**ABOUT THIS EXERCISE:** Your copy should match the listing below word for word, with no images in it.

**STORED DATA:**

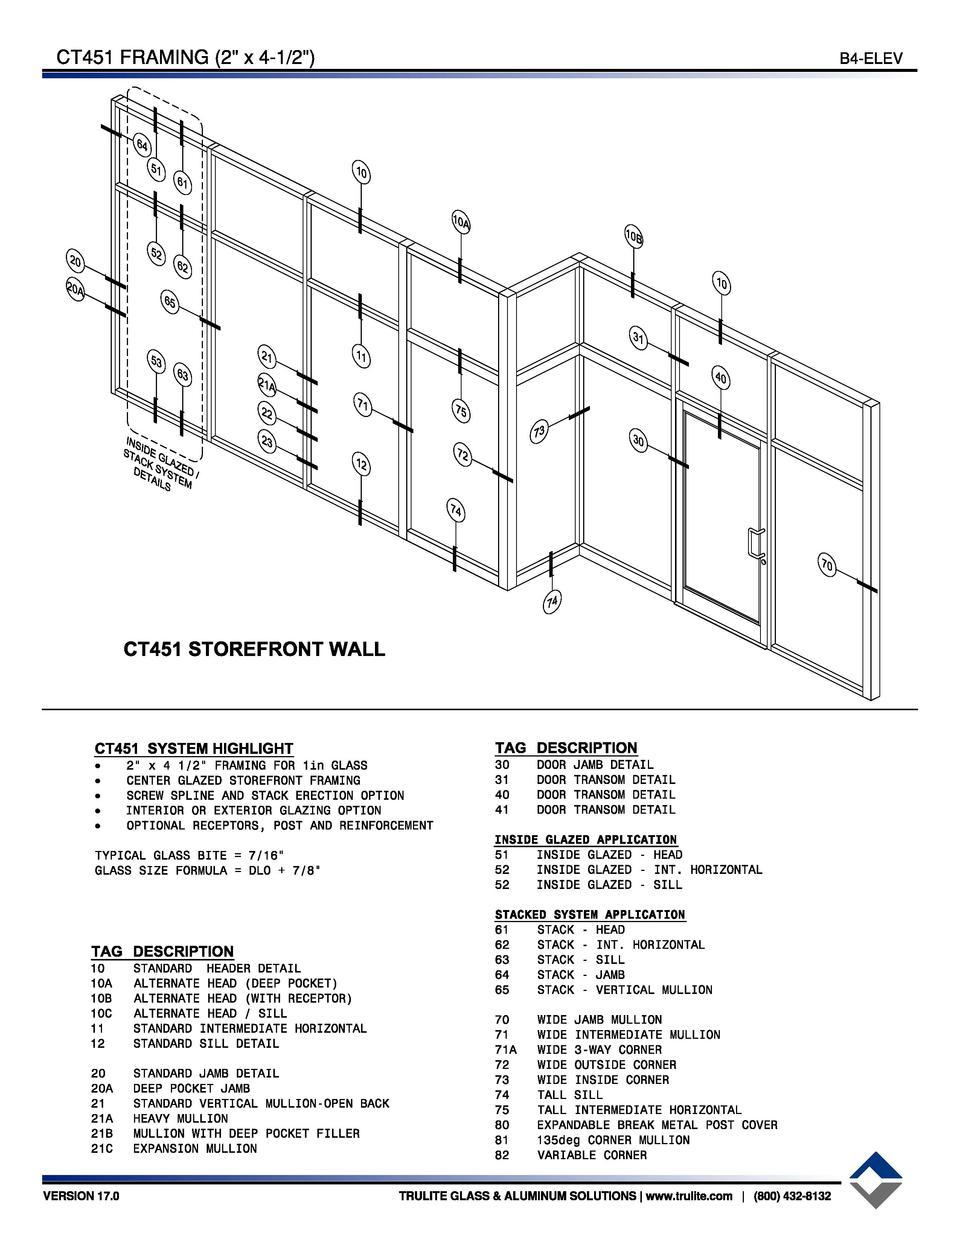 B4 CG450 STOREFRONT SYSTEM 1 3 4 x 4 1 2 CENTER GLAZED SYSTEM B1 1 CT451 S T O R E F R O N T DETAILBOOK 2 x 4 1 2 THERMAL CENTER GLAZED SYSTEM TRULITE TM ...  sc 1 st  SimpleBooklet & Trulite-CT451 : simplebooklet.com
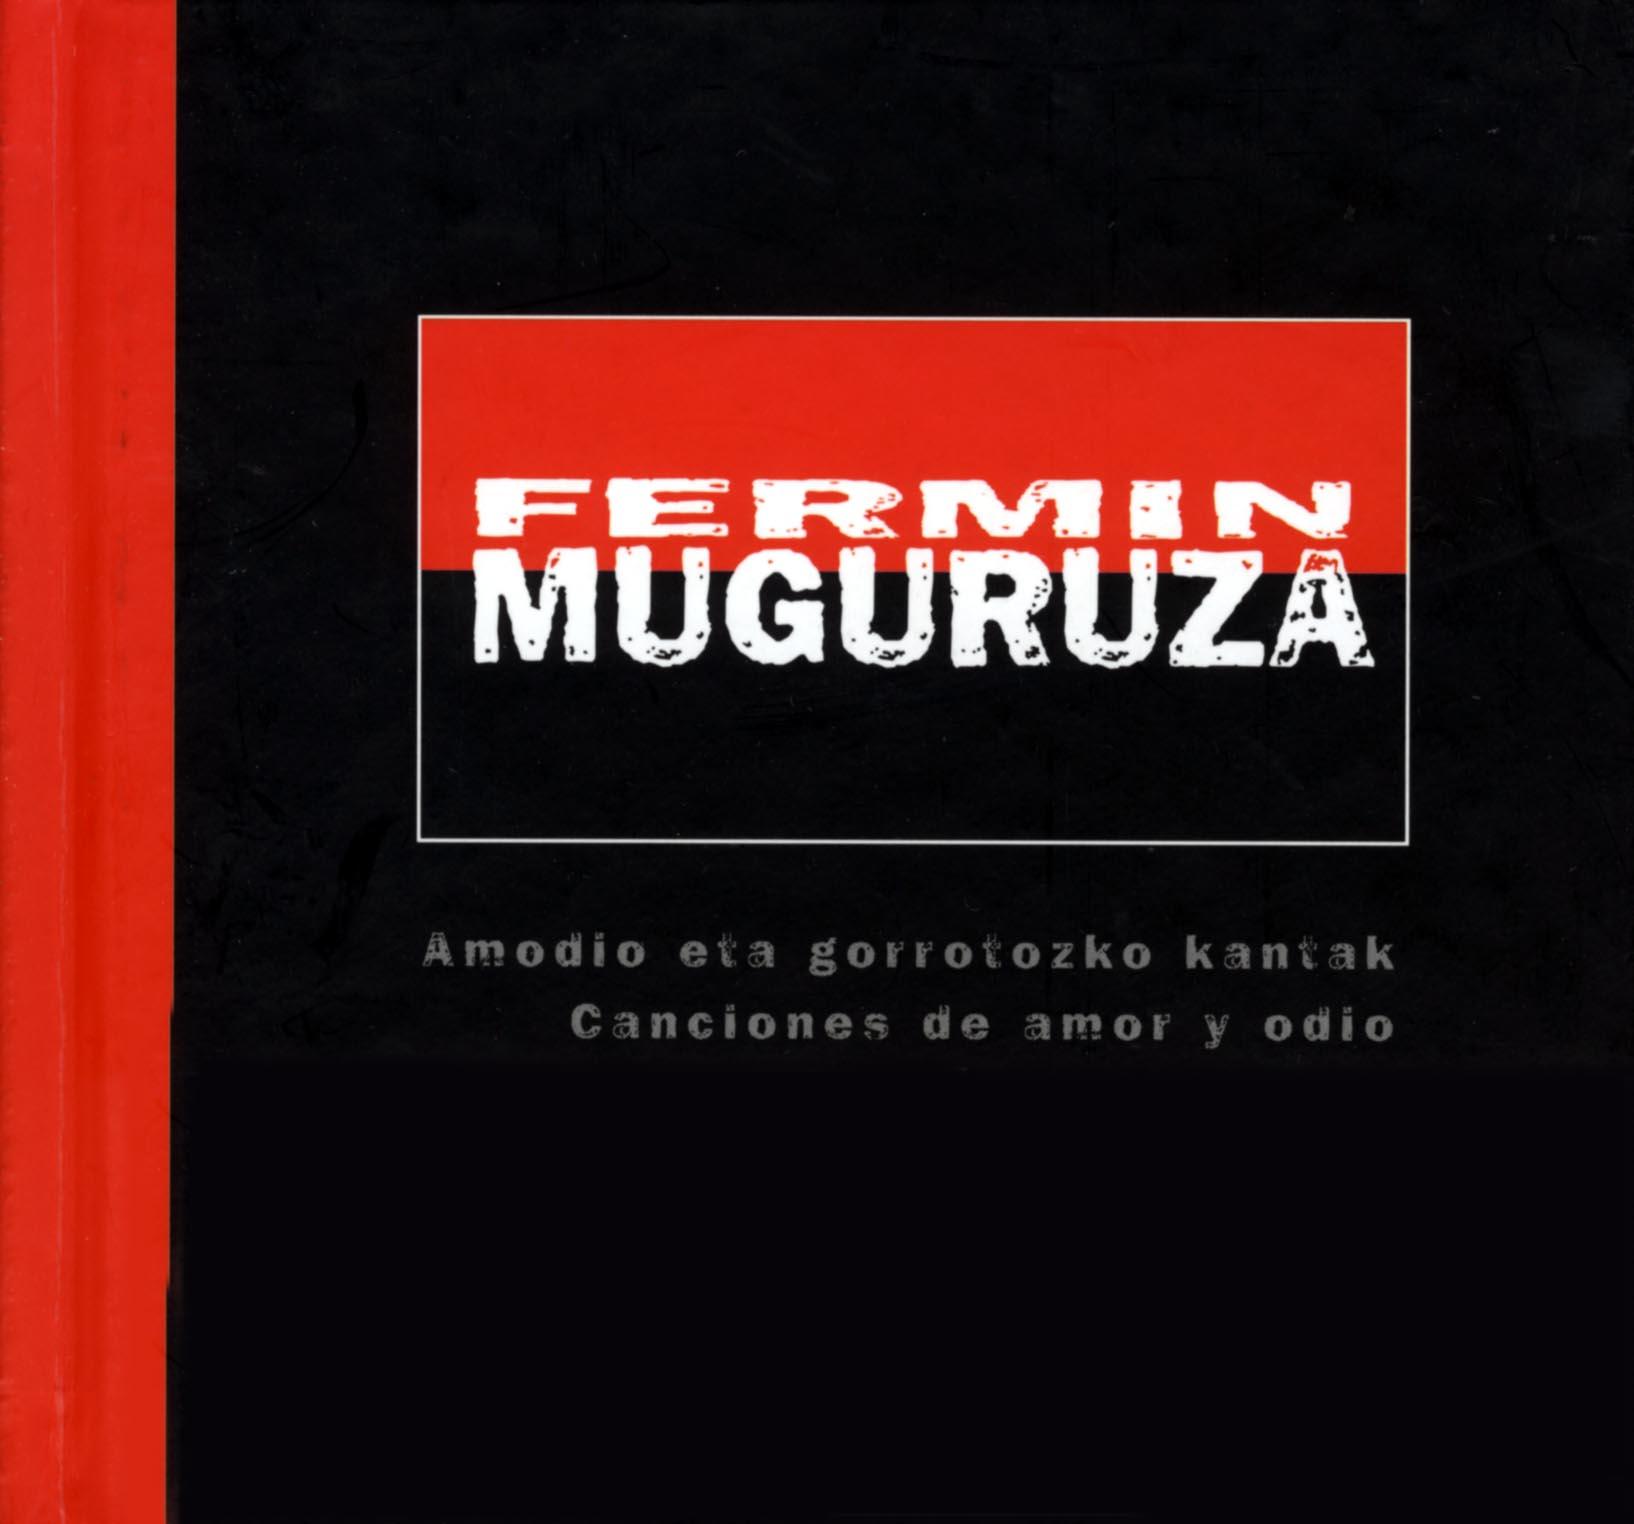 Amodiozko eta gorrotozko kantak (1984-1998)
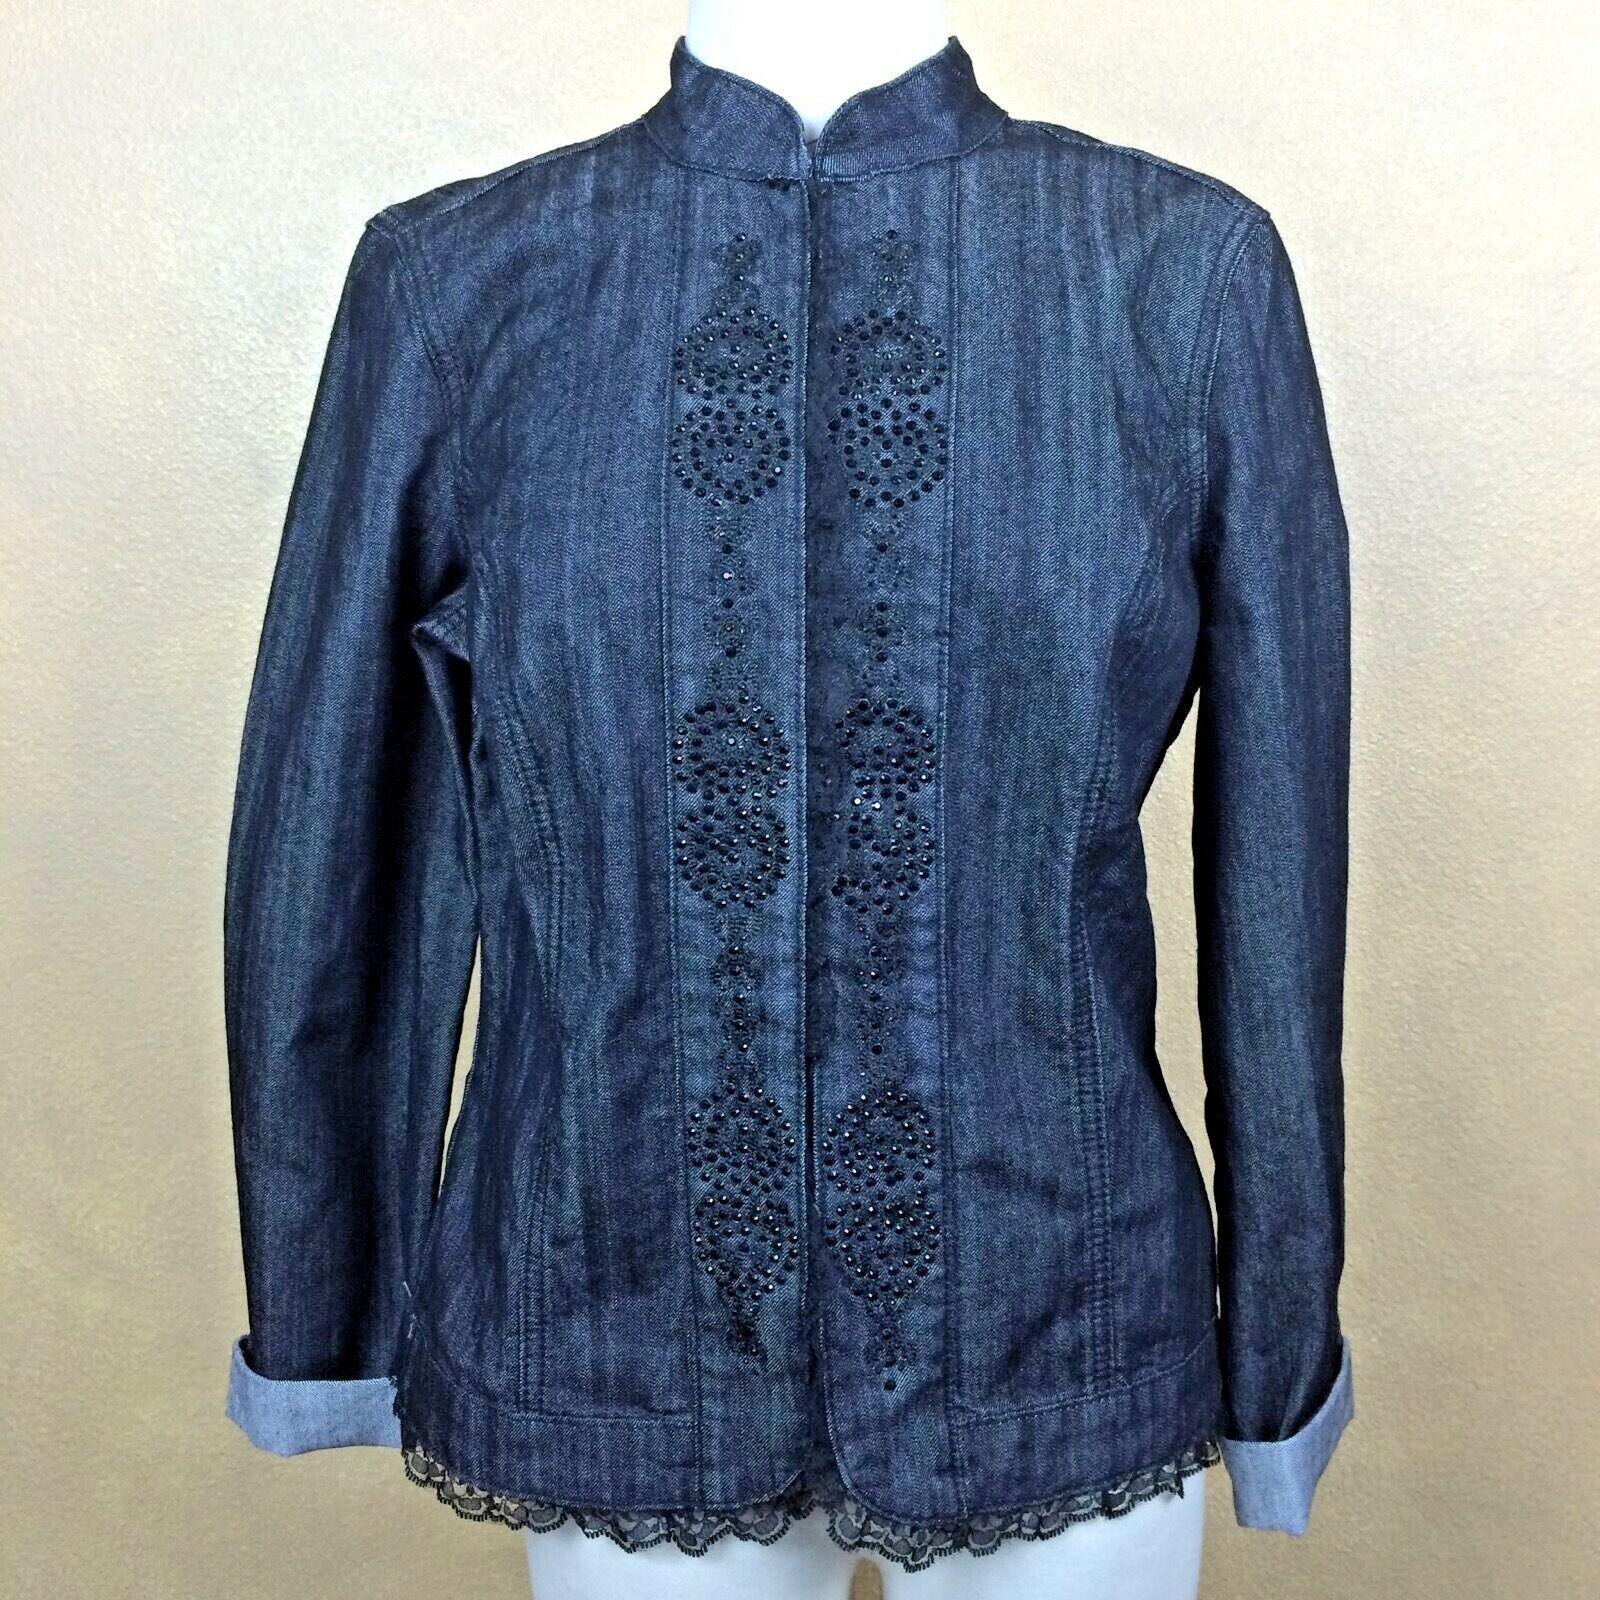 Baccini Black Jean Jacket w Lace Black Rhinestones Cotton Blend Denim S

**PROBLEM SOLUTION:**
 B4 CG450 STOREFRONT SYSTEM 1 3 4 x 4 1 2 CENTER GLAZED SYSTEM B1 1 CT451 S T O R E F R O N T DETAILBOOK 2 x 4 1 2 THERMAL CENTER GLAZED SYSTEM TRULITE TM ...  sc 1 st  SimpleBooklet & Trulite-CT451 : simplebooklet.com
 Amodiozko eta gorrotozko kantak (1984-1998)
 Baccini Black Jean Jacket w Lace Black Rhinestones Cotton Blend Denim S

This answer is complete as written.